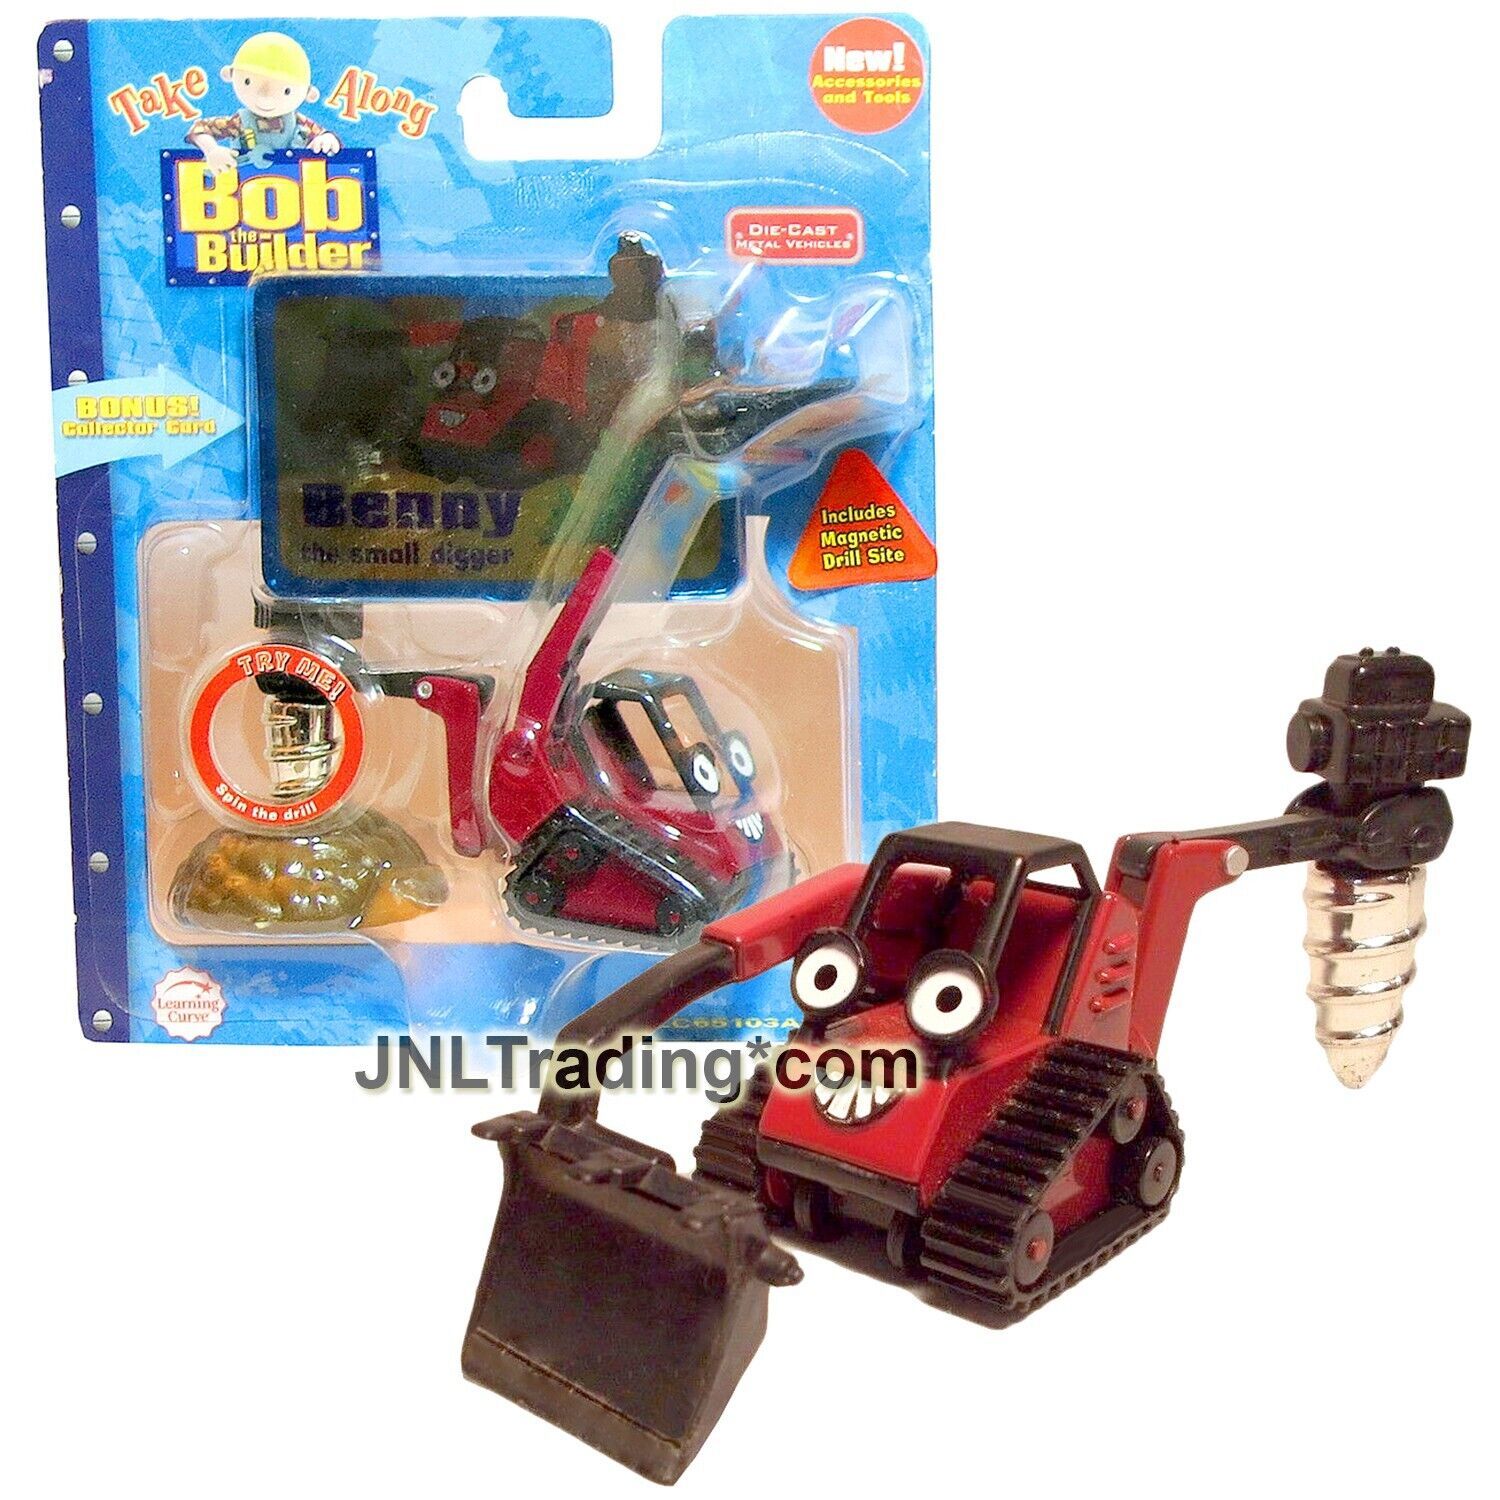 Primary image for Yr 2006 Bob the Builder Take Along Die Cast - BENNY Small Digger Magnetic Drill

--

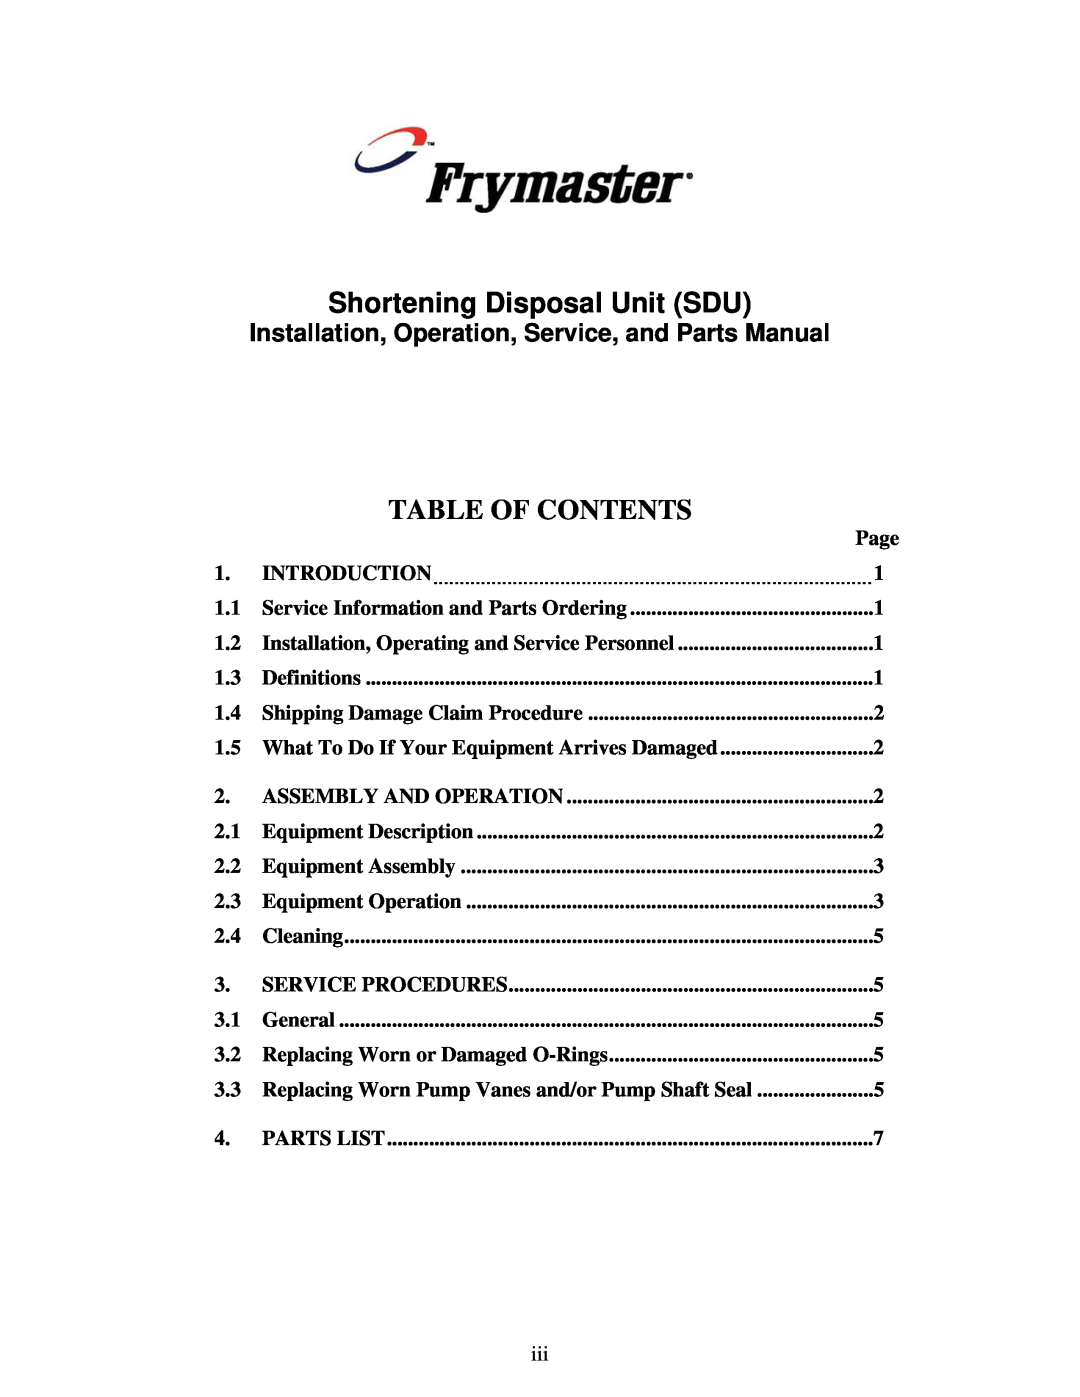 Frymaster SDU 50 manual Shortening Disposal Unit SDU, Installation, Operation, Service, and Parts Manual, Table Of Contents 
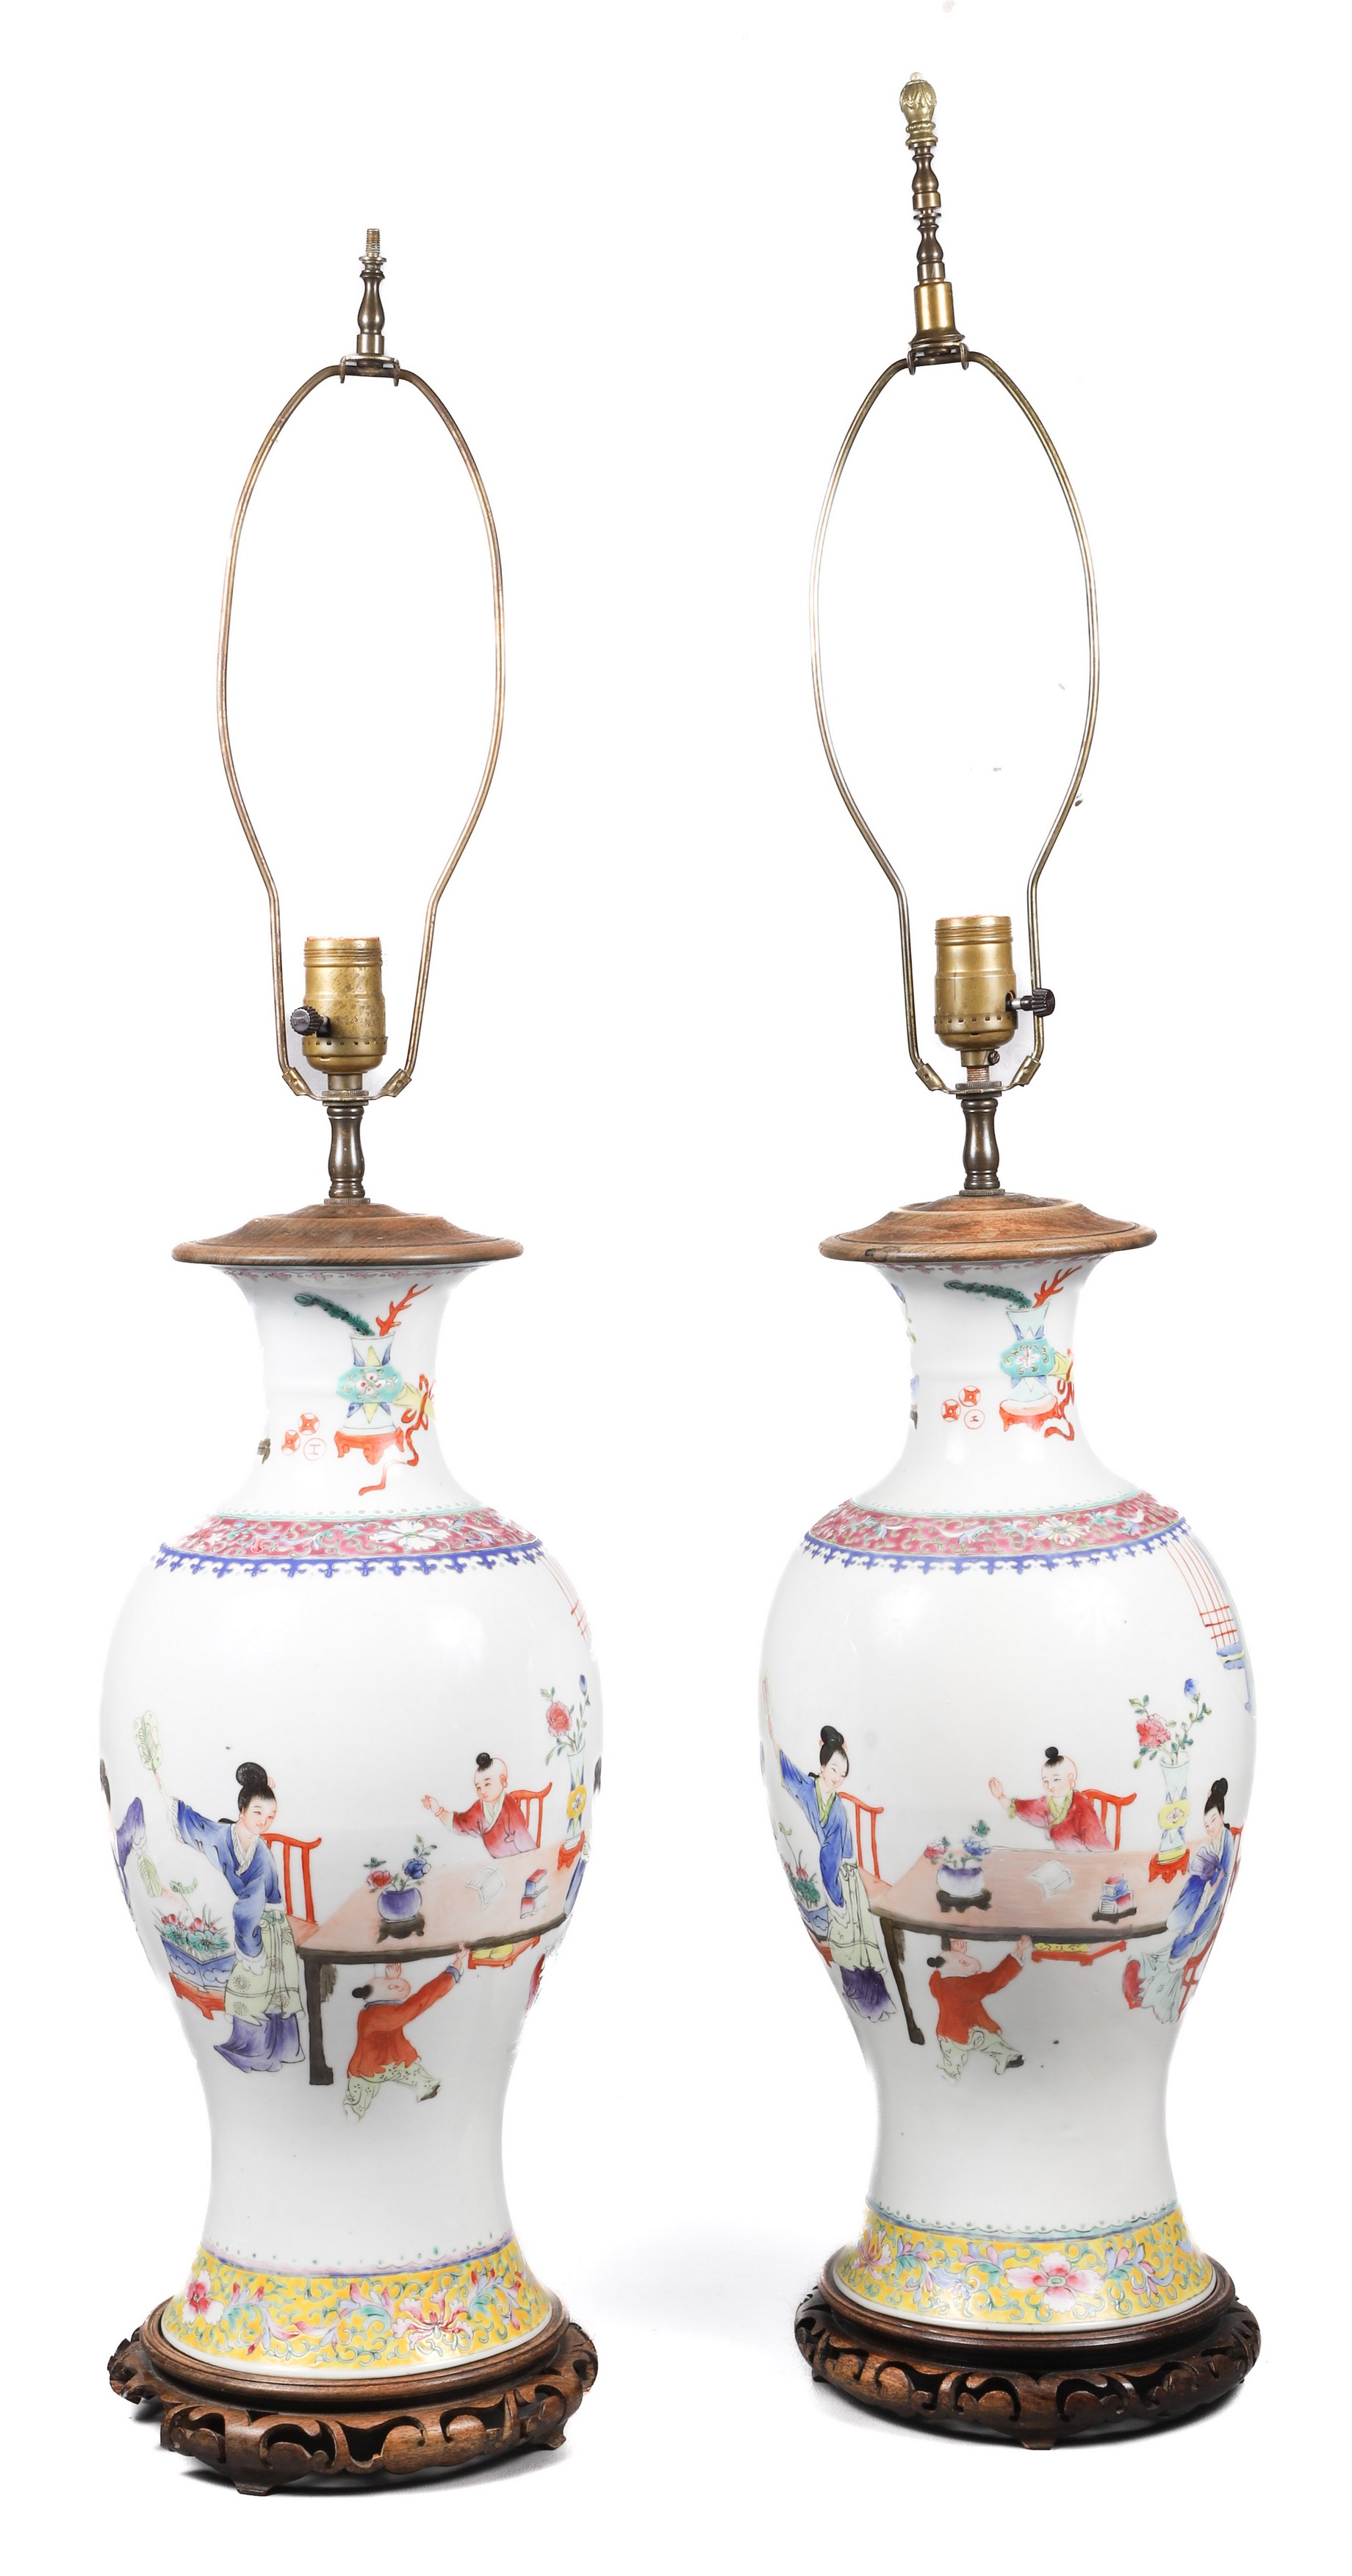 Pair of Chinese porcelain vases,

• [Try it] From the records above, transcribe exactly the lines starting at the one containing "Frymaster SDU 50" and ending at the one containing "Pair of Chinese". Skip the pictures.

• [Your response]
 Frymaster SDU 50 manual Shortening Disposal Unit SDU, Installation, Operation, Service, and Parts Manual, Table Of Contents 
 Pair of Chinese porcelain vases,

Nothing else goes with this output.